The announcement that the Biden administration was raising the limit of annual refugee admissions from 15,000 to 62,500 was cause for celebration at a Georgetown University online discussion of migrant issues May 4.
And Sister Norma Pimentel, executive director of Catholic Charities of the Rio Grande Valley in Brownsville, Texas, said more visibility would help the cause, so she invited President Joe Biden to visit the U.S.-Mexico border.
“Sometimes I always say the best way to understand what is happening at the border is to come and see, you know?” said the Sister of the Missionaries of Jesus, adding that it makes a difference when you “actually see the face of a child, a mother hurting and suffering for their babies.”
She said seeing this pain and the suffering up close “you then understand that your policies and your leadership will affect directly that life.”
Sister Norma urged the president and other national leaders to “please come and see” with open hearts what is happening at the border.
“At some point, I will,” Biden said, when asked on March 21 if he’d visit the border, but no plans have been announced. Vice President Kamala Harris, who met virtually with Alejandro Giammatei, the president of Guatemala, on May 3, likewise has not made a border visit.
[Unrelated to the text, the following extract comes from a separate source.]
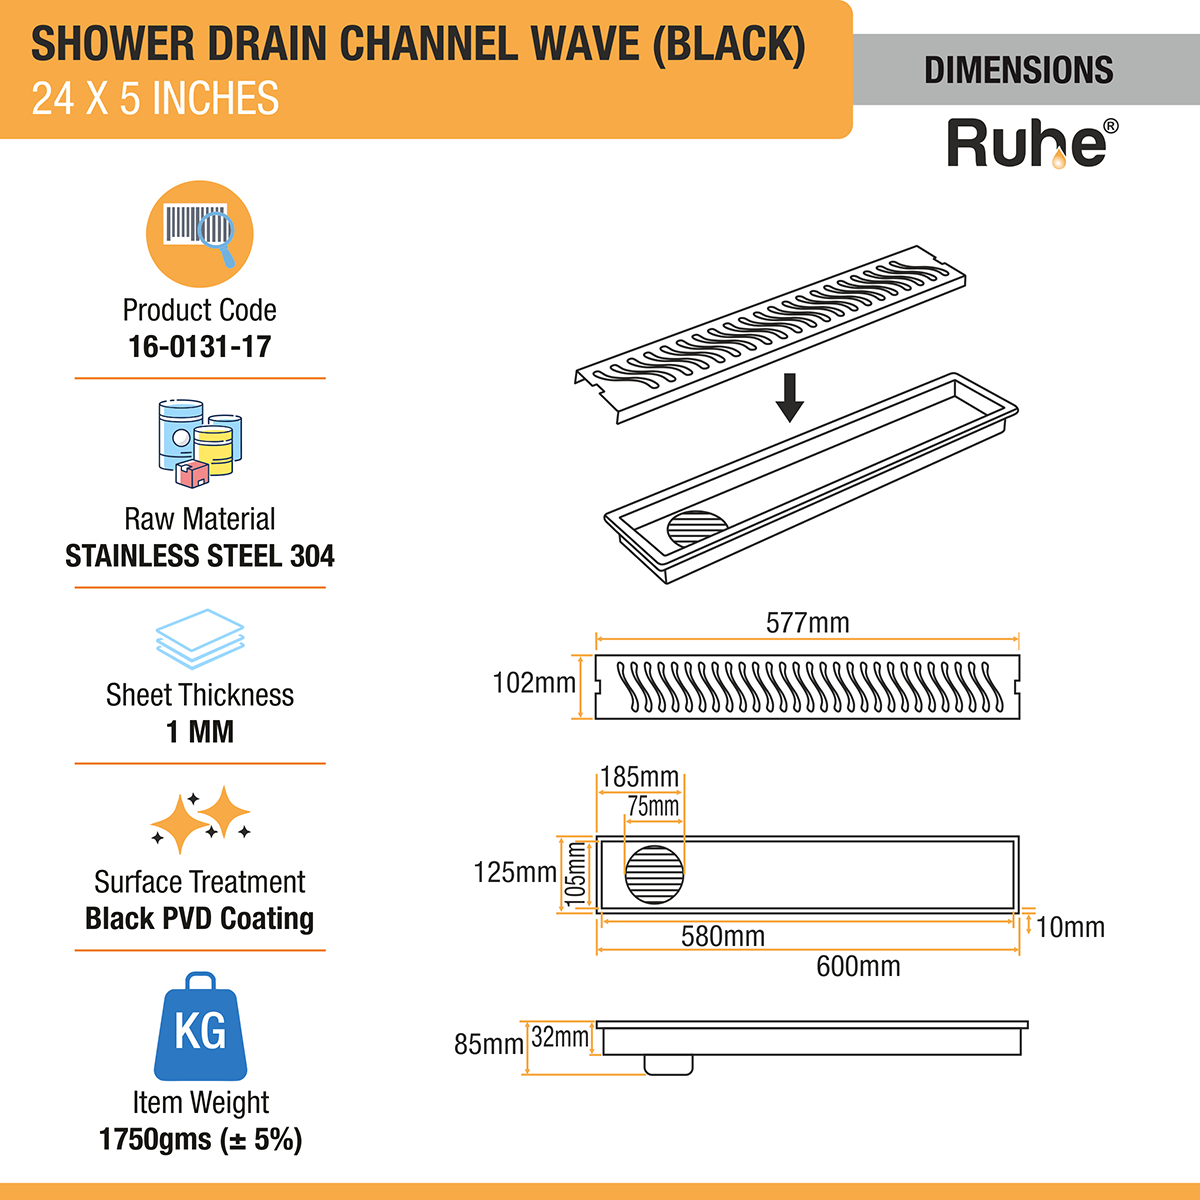 Wave Shower Drain Channel (24 x 5 Inches) Black PVD Coated dimensions and sizes

The panel, “Young and Latino Leaders on Immigration: Continuing Challenges, New Urgency, Time for Action,” was sponsored by Georgetown’s Initiative on Catholic Social Thought and the U.S. Conference of Catholic bishops.
In April, Sister Norma condemned a video by Infowars host Alex Jones, who portrayed himself as physically stopping a carload of refugees he claimed were being trafficked.
She accused Jones of a “staged confrontation interrupting the goodwill of someone” taking the children to the Humanitarian Respite Center in McAllen, Texas, where she works.
“The Humanitarian Respite Center and Catholic Charities of the Rio Grande Valley are not involved in any human smuggling or trafficking networks,” she said in a statement.
“You know, these are families,” Sister Norma said in the panel discussion. “Ninos y mamas, simple just like you and me, our friends and our neighbors, they’re people and they’re hurting at the other side of the river, on the Mexican side, some of them are able to make it now into the U.S. side.
“And you see in their faces this profound pain that they’ve been through,” she said, adding that she and others with her have been able to accompany these families and both cry and laugh with them.
Dylan Corbett, executive director of the Hope Border Institute, said he thinks there have been positive and significant changes under the Biden administration.
“You saw, for example, in the lifting of the refugee cap a real strong commitment to building or rebuilding our capacity to resettle refugees around the world,” he said.
“We’ve been talking about immigrants in really bad ways for the last four years, as people we ought to fear,” Corbett added.
“We’ve been vilifying and criminalizing and demonizing our migrant brothers and sisters for too long,” he said, noting that now the president has “changed the tone around immigration and recognized that this is an opportunity for compassion and to treat people with dignity.”